= Task objective =
Copy the data precisely, character for character, and leave out every picture.

= Data extract =

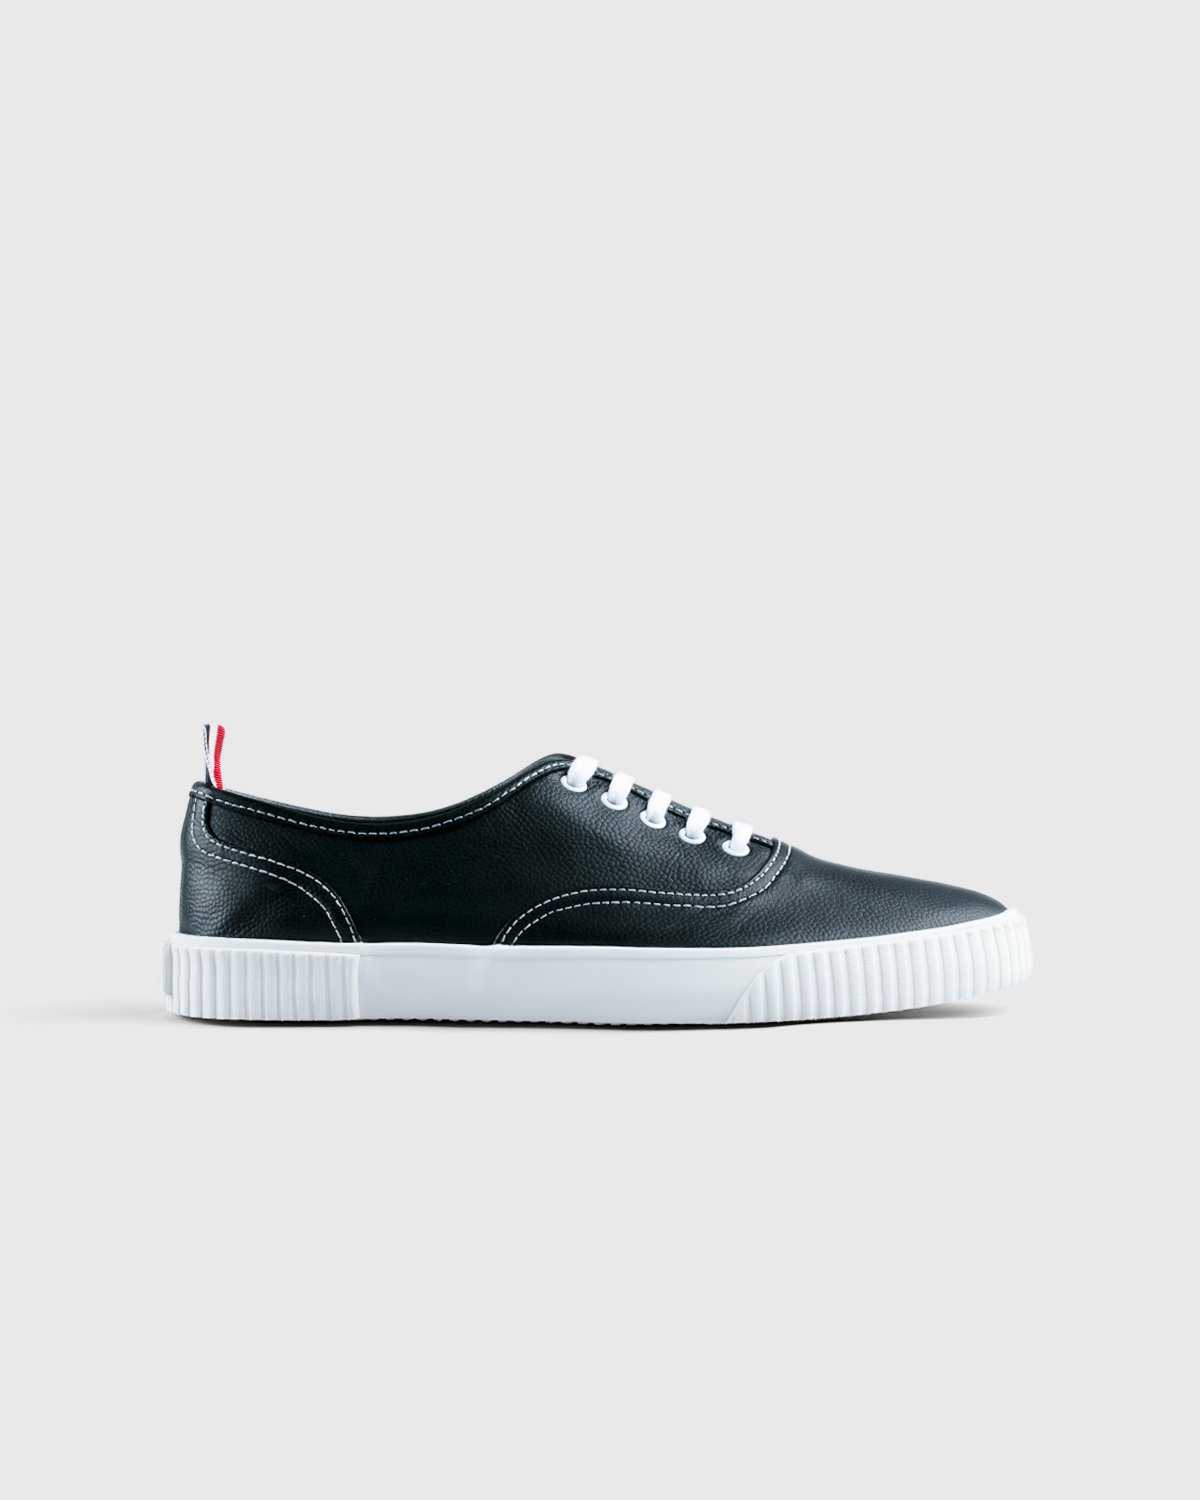 Thom Browne x Highsnobiety - Women's Heritage Sneaker Grey - Footwear - Grey - Image 1
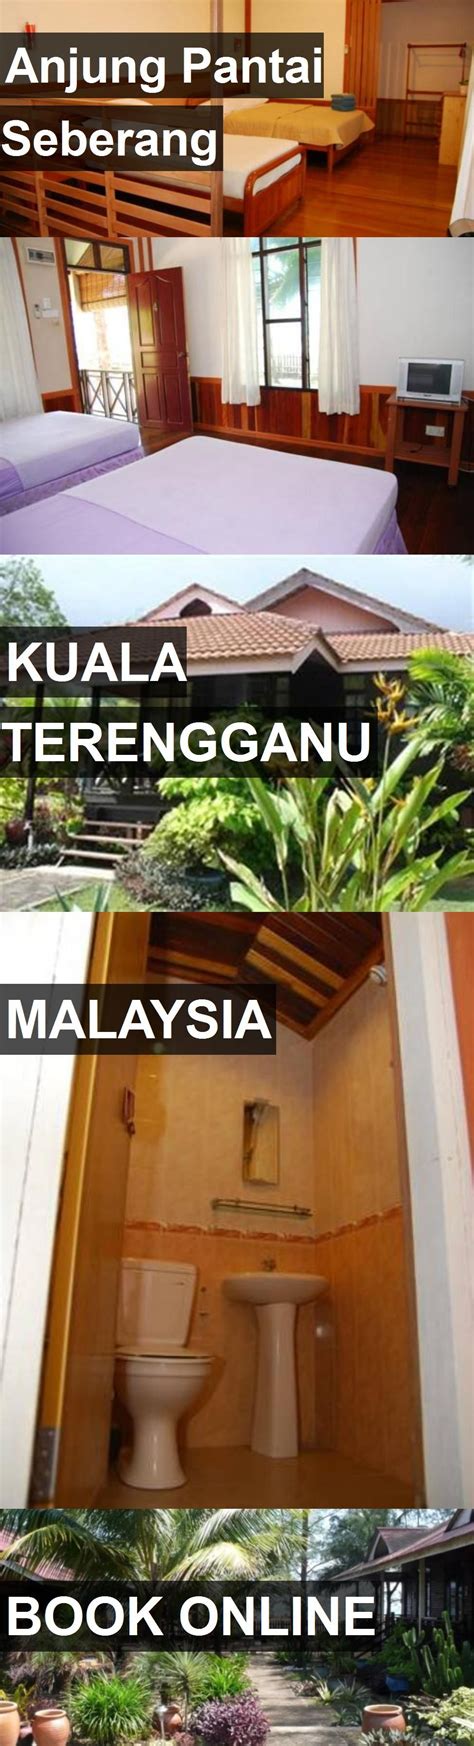 81 opiniones de hoteles y 85 fotos de viajeros, y los precios más baratos para resorts en kuala terengganu, terengganu, malasia. Hotel Anjung Pantai Seberang in Kuala Terengganu, Malaysia ...
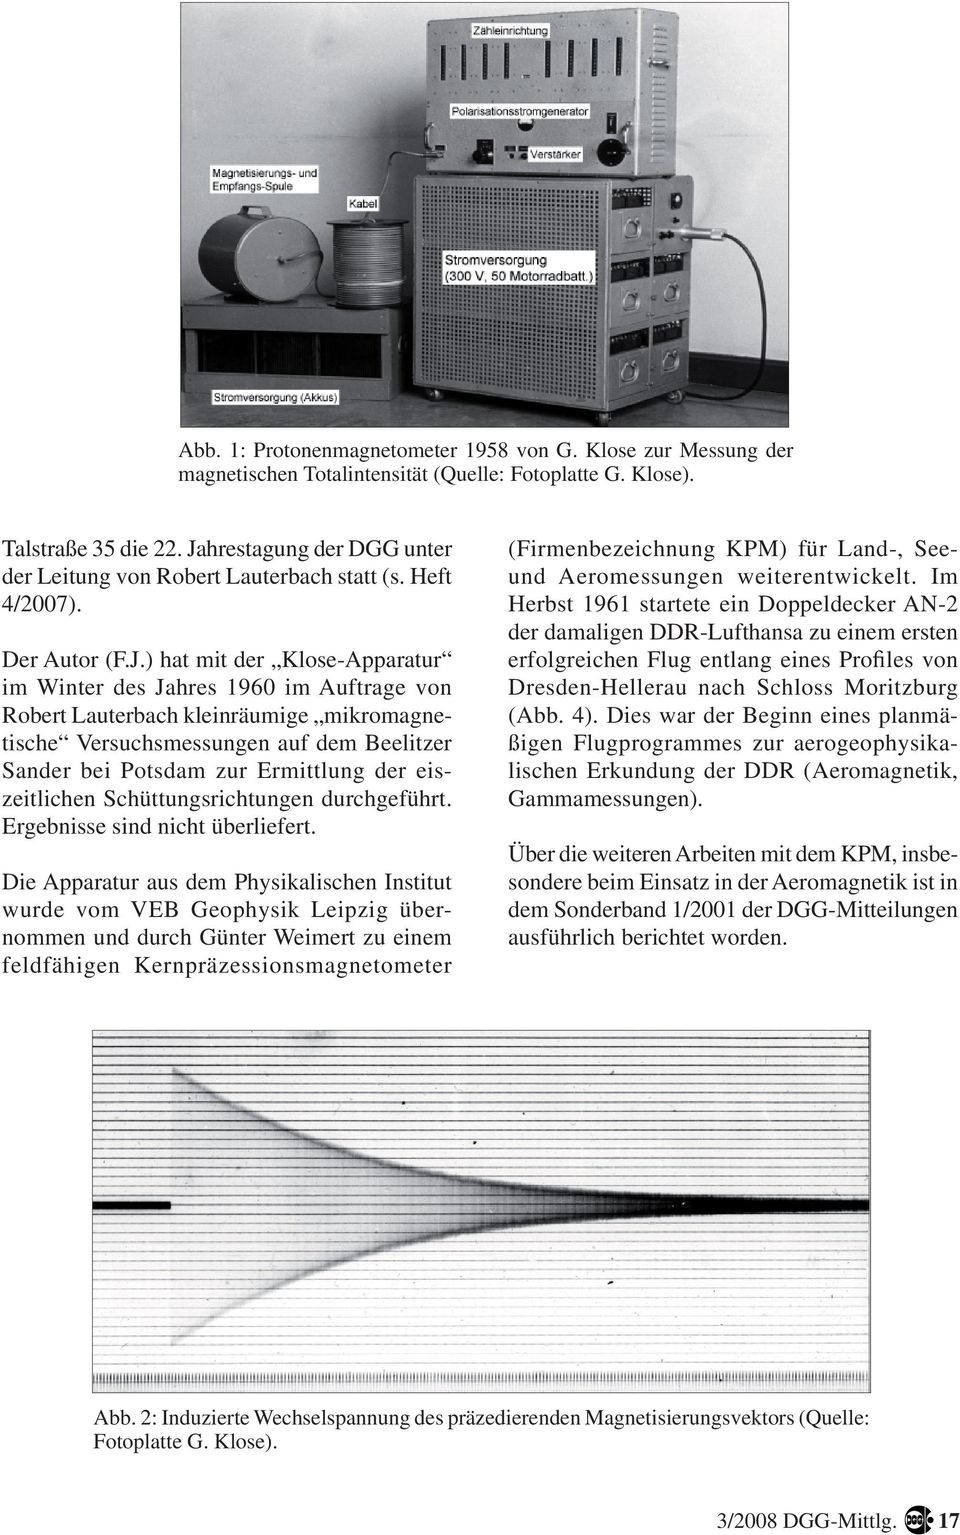 kleinräumige mikromagnetische Versuchsmessungen auf dem Beelitzer Sander bei Potsdam zur Ermittlung der eiszeitlichen Schüttungsrichtungen durchgeführt. Ergebnisse sind nicht überliefert.

= Reply to the task =
 Thom Browne x Highsnobiety - Women's Heritage Sneaker Grey - Footwear - Grey - Image 1
 81 opiniones de hoteles y 85 fotos de viajeros, y los precios más baratos para resorts en kuala terengganu, terengganu, malasia. Hotel Anjung Pantai Seberang in Kuala Terengganu, Malaysia ...
 kleinräumige mikromagnetische Versuchsmessungen auf dem Beelitzer Sander bei Potsdam zur Ermittlung der eiszeitlichen Schüttungsrichtungen durchgeführt. Ergebnisse sind nicht überliefert.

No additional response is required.